The phrase “Taiñ Azkintun” in the Mapudungun language of the Mapuche people of Chile translates into English as “our view.” It is also the name of an innovative arts training program, launched in 2010, to teach young indigenous Chileans—who constitute 4 percent of the national population—how to capture their ideas and experiences on video.
The initiative is designed to help Chile’s native youth affirm their voice in the national fabric. It is funded with a $20,000 grant from the Canadian government, along with support from local universities, and is overseen by indigenous rights watchdog Observatorio Ciudadano and the Mapuche publication Azkintuwe. Through the free program, 20 students are trained in audiovisual tools, scriptwriting, interview techniques, and editing-—skills students need to produce independent work that can be heard and seen.

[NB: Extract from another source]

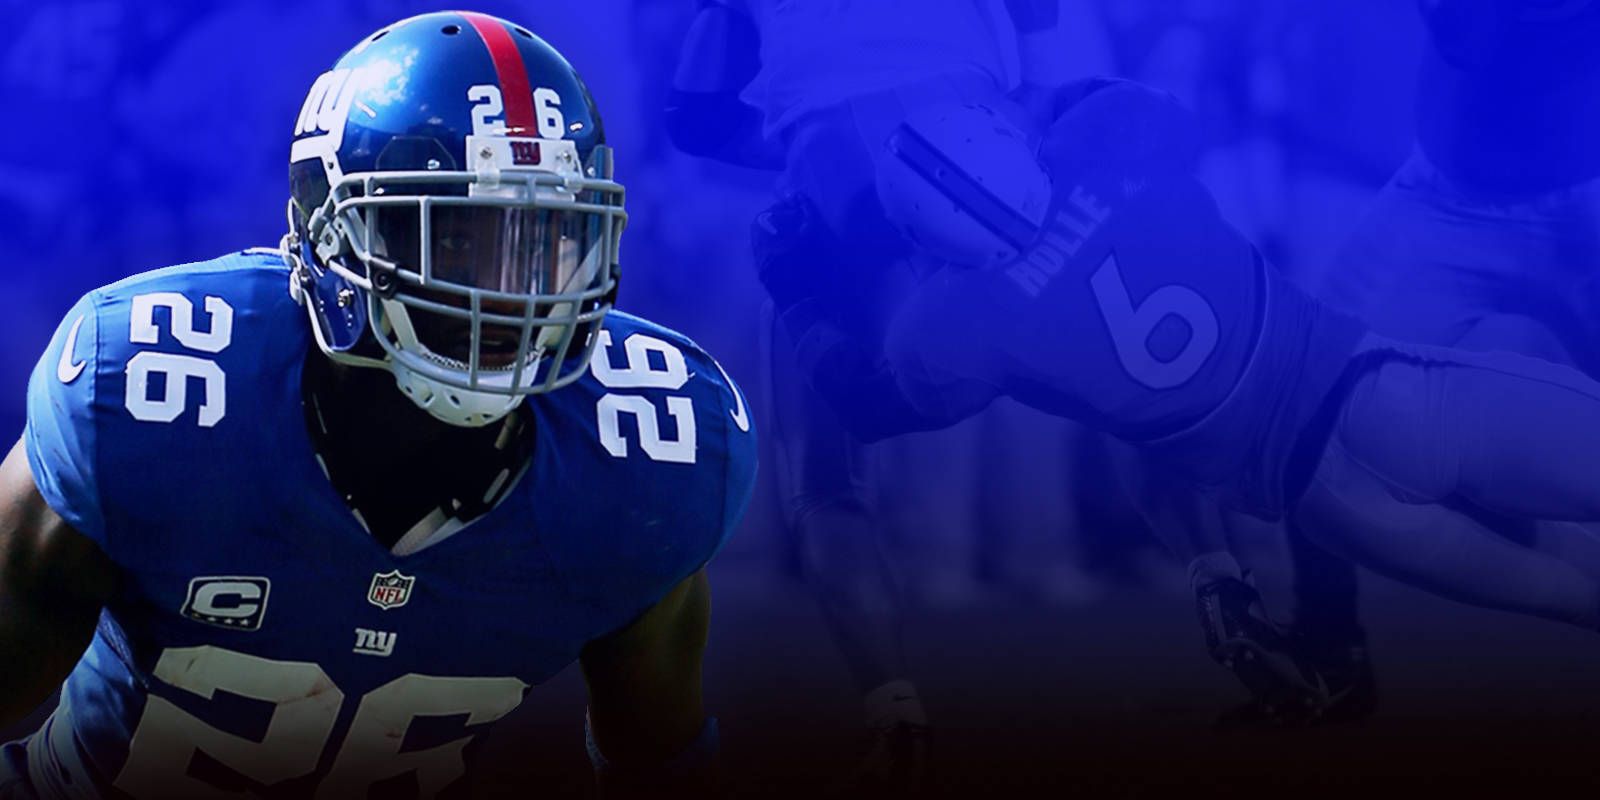 #ProCanes Interview: @Giants DB Antrel Rolle

“Chilean society needs to develop an intercultural dialogue,” says Paulina Acevedo, Observatorio Ciudadano’s communications director. “We should recognize we’re a country with indigenous nations as well as descendants of immigrants.”

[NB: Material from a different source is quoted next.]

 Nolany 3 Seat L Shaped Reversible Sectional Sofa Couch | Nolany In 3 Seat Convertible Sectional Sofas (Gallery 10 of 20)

Films now in post-production cover topics like foreign investment; social and environmental conflicts; ethno-tourism projects; language revival; and Mapuche perspectives on women’s role in society. One student group is even looking into funding for a video news project to report on indigenous rights issues.
Their projects were presented on December 10—International Human Rights Day. Organizers hope the presentation will help them continue the project with Chilean government funds and support from private foundations. If successful, they want to launch the project in Santiago to work with students from other indigenous groups, like the Aymara of the Andes and the Polynesian Rapa Nui people of Easter Island.